When all the photos were taken, Sam slipped away – checking first to make sure he hadn’t been observed – up to the shed. The dead dog lay outside in a pool of blood. Sam ignored it. He took a deep breath, opened the door and stepped inside.
It was a tiny space, just enough for a low camp bed and a few square metres of standing room. Although the bed was unmade, showing all the signs of having been abandoned in a tearing hurry, the rest of the bunk area displayed a military neatness, the few belongings tidily and precisely squared away. Sam looked over his shoulder to check that nobody had entered, then opened a small cabinet by the bed and rummaged inside.
There was very little there. A few clothes – it was difficult to tell what in the gloom – some chocolate and a bottle of water. He found what felt like a small piece of card; pulling it out, he realised it was a photograph. An old one. With a pang he recognised his mother and father in the early years of their marriage. It was surreal, seeing that image of his father out here, miles from home, when in fact he was wasting away in a Hereford hospital. He stuffed it in a pocket. Back in the locker, his fingertips came across something else. Something hard. Rectangular. He pulled it out and examined it. It was a laptop computer. Sam reached into his backpack and pulled out his torch so that he could look closer at it. The thing was well-worn and scuffed, though the case was hard and durable. He gave half a moment’s thought to opening it up and seeing what was inside, but he quickly decided against it. If any of the guys found him doing that, they’d start asking questions; and he wasn’t sure he wanted to answer them…
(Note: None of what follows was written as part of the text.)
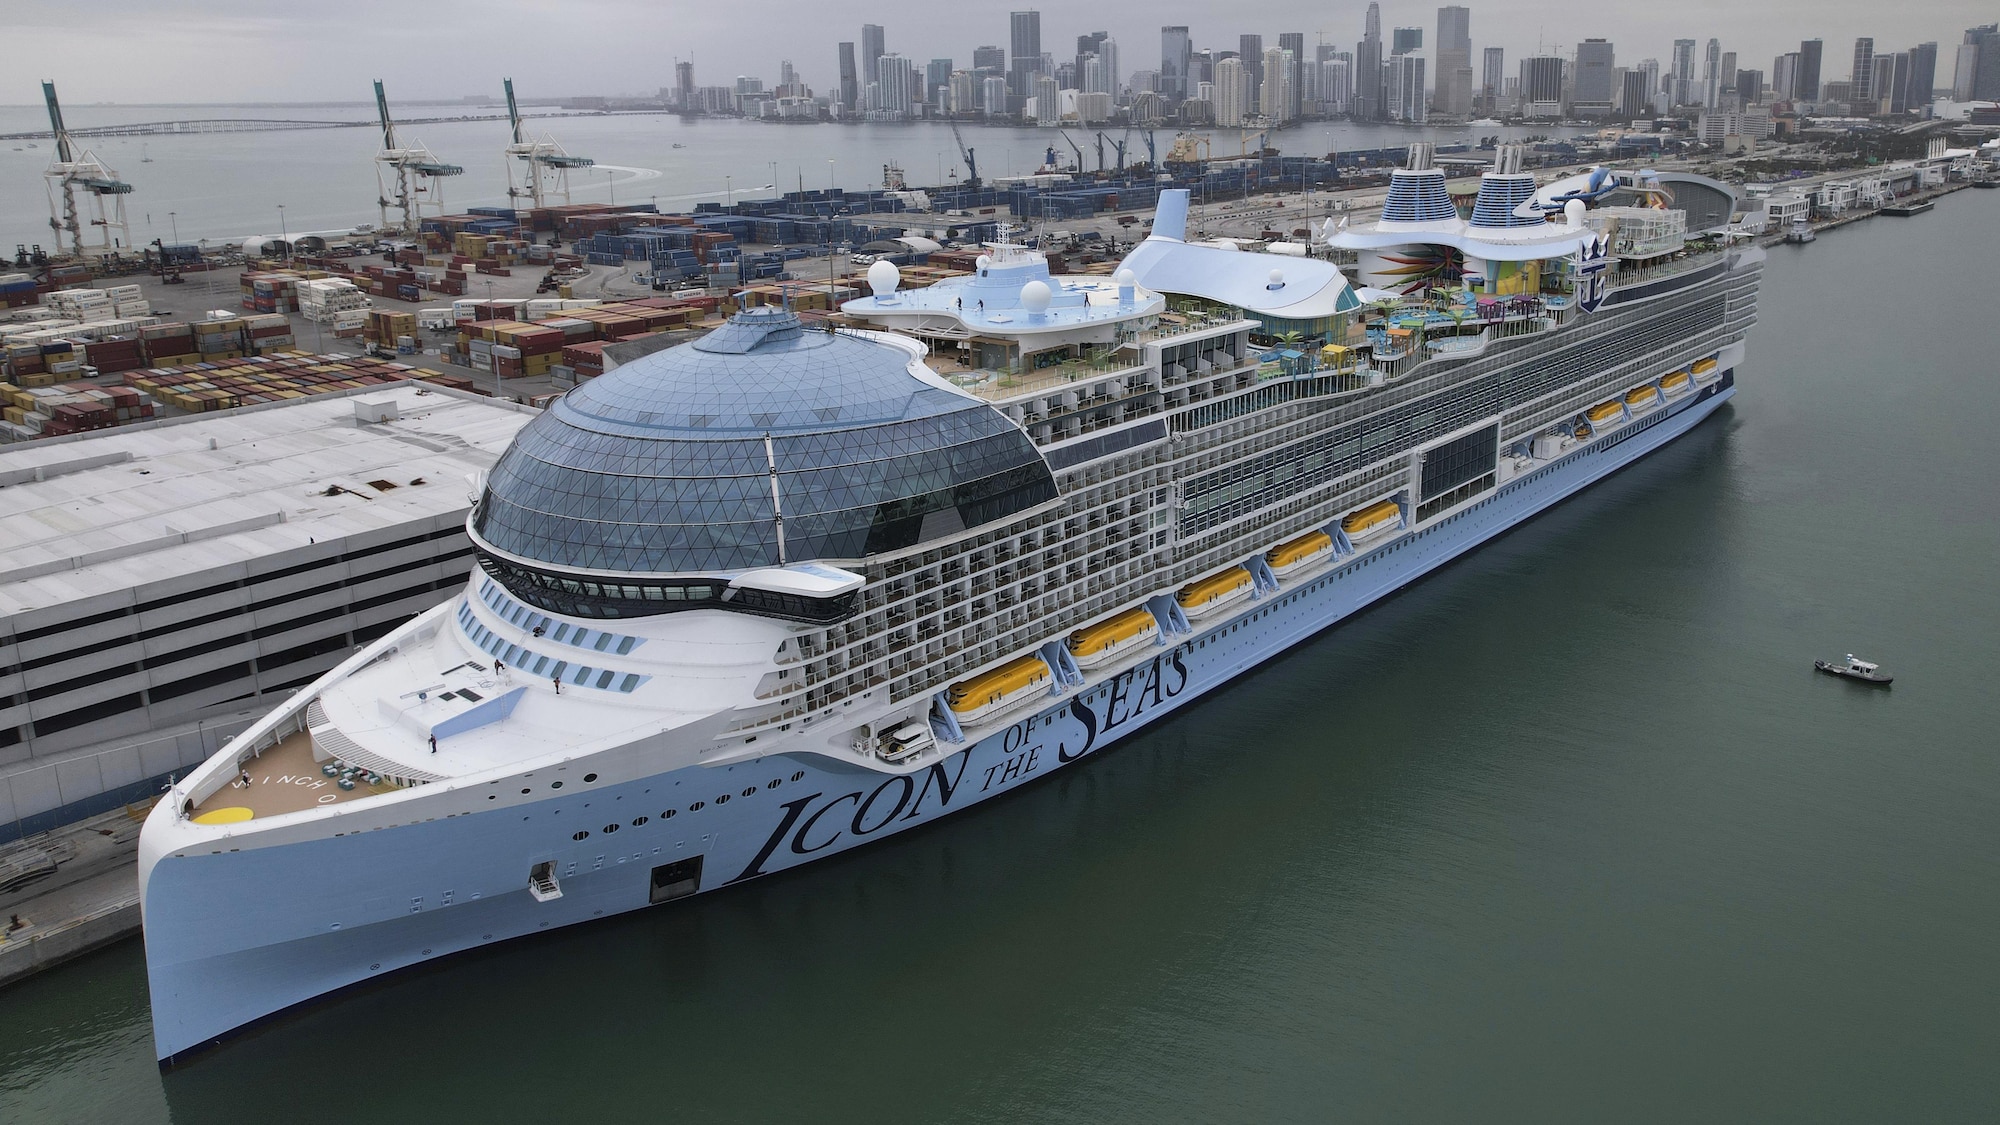 Le Icon of the Seas, le plus grand navire de croisière du monde, accosté au quai du port de Miami.

Sam stuffed the torch and the laptop into his pack, before hurriedly returning to the centre of the camp.
As he jogged back outside, to his surprise, he found himself thinking of Clare Corbett’s words. ‘ Those people at the training camp. Are you really going to kill them, Sam? ’ It crossed his mind that he should feel some sort of sympathy for these dead men. Pawns in some game they didn’t understand. But he didn’t. Or rather, he couldn’t. His mind was too preoccupied. There were too many things racing through it. The adrenaline rush of the mission. Craven, dead. The need to extract quickly.